2016-10-01 10:29:39 6621 [ERROR] WSREP: FSM: no such a transition JOINED -> JOINED
14:29:39 UTC - mysqld got signal 6 ;
This could be because you hit a bug. It is also possible that this binary
or one of the libraries it was linked against is corrupt, improperly built,
or misconfigured. This error can also be caused by malfunctioning hardware.
We will try our best to scrape up some info that will hopefully help
diagnose the problem, but since we have already crashed,
something is definitely wrong and this may fail.
Please help us make Percona XtraDB Cluster better by reporting any
bugs at https://bugs.launchpad.net/percona-xtradb-cluster

key_buffer_size=8388608
read_buffer_size=131072
max_used_connections=2
max_threads=153
thread_count=3
connection_count=1
It is possible that mysqld could use up to
key_buffer_size + (read_buffer_size + sort_buffer_size)*max_threads = 69134 K bytes of memory
Hope that's ok; if not, decrease some variables in the equation.
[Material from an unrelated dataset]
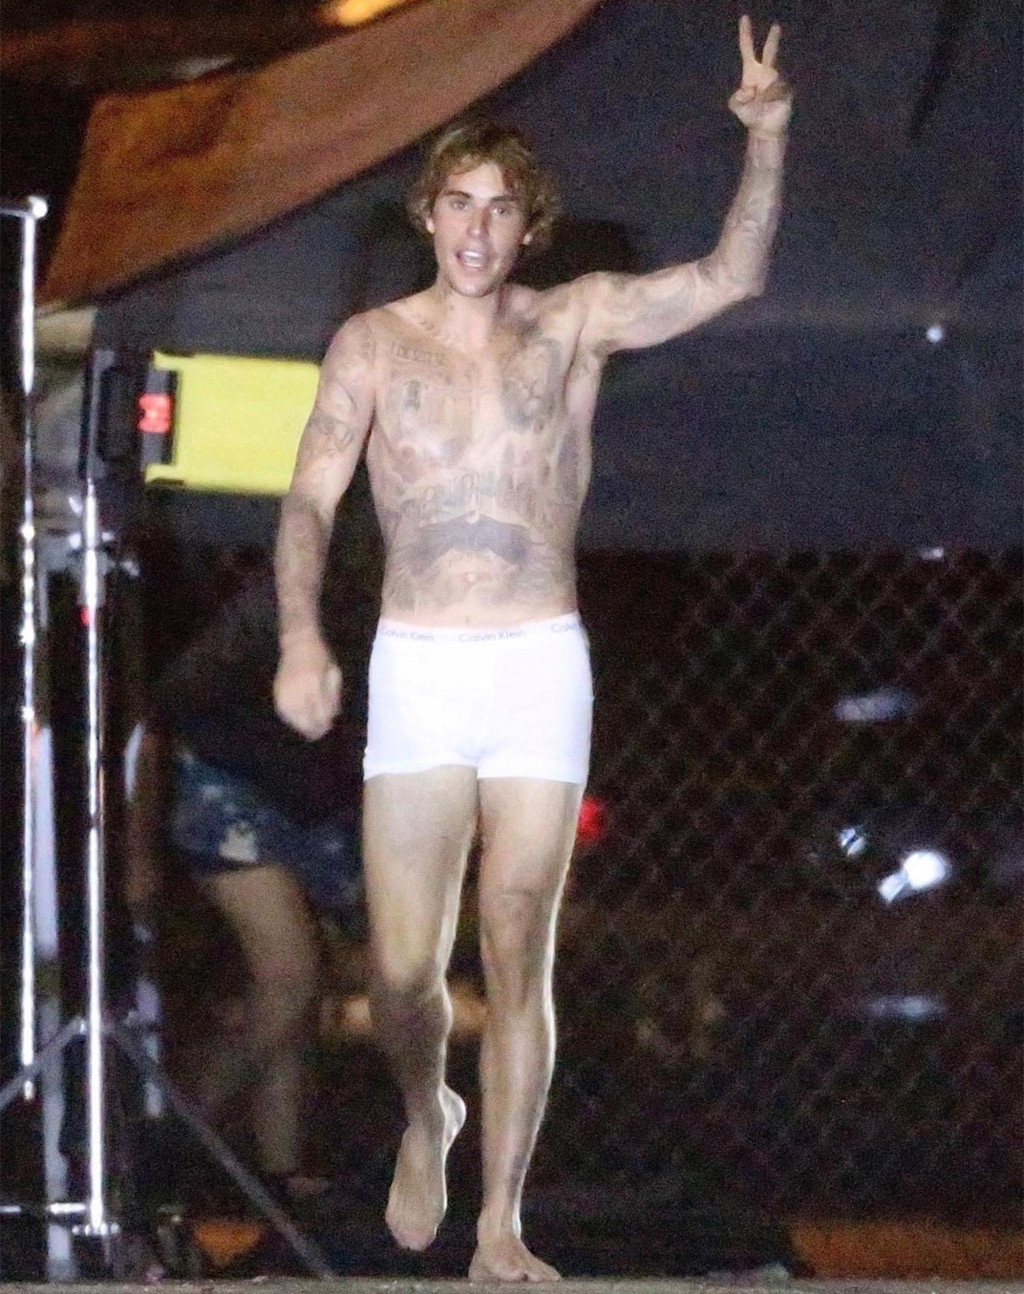 Lộ loạt ảnh Justin Bieber hớn hở, mặc độc mỗi quần lót khoe body săn chắc trên phim trường - Ảnh 4.

Thread pointer: 0x7fb514000990
Attempting backtrace. You can use the following information to find out
where mysqld died. If you see no messages after this, something went
terribly wrong...
stack_bottom = 7fb54c6f1998 thread_stack 0x40000
/usr/sbin/mysqld(my_print_stacktrace+0x35)[0x907295]
/usr/sbin/mysqld(handle_fatal_signal+0x4b4)[0x66b074]
/lib64/libpthread.so.0(+0xf7e0)[0x7fb569ca17e0]
/lib64/libc.so.6(gsignal+0x35)[0x7fb567eda5e5]
/lib64/libc.so.6(abort+0x175)[0x7fb567edbdc5]
/usr/lib64/libgalera_smm.so(_ZN6galera3FSMINS_10Replicator5StateENS_13ReplicatorSMM10TransitionENS_10EmptyGuardENS3_11StateActionEE8shift_toES2_+0x212)[0x7fb54ca6f302]
/usr/lib64/libgalera_smm.so(_ZN6galera13ReplicatorSMM12process_joinEll+0x178)[0x7fb54ca6a478]
/usr/lib64/libgalera_smm.so(_ZN6galera15GcsActionSource8dispatchEPvRK10gcs_actionRb+0x21d)[0x7fb54ca4587d]
/usr/lib64/libgalera_smm.so(_ZN6galera15GcsActionSource7processEPvRb+0x63)[0x7fb54ca45ed3]
/usr/lib64/libgalera_smm.so(_ZN6galera13ReplicatorSMM10async_recvEPv+0x73)[0x7fb54ca6a8a3]
/usr/lib64/libgalera_smm.so(galera_recv+0x24)[0x7fb54ca7ae14]
/usr/sbin/mysqld[0x5a21f1]
/usr/sbin/mysqld(start_wsrep_THD+0x36e)[0x58b83e]
/lib64/libpthread.so.0(+0x7aa1)[0x7fb569c99aa1]
/lib64/libc.so.6(clone+0x6d)[0x7fb567f90aad]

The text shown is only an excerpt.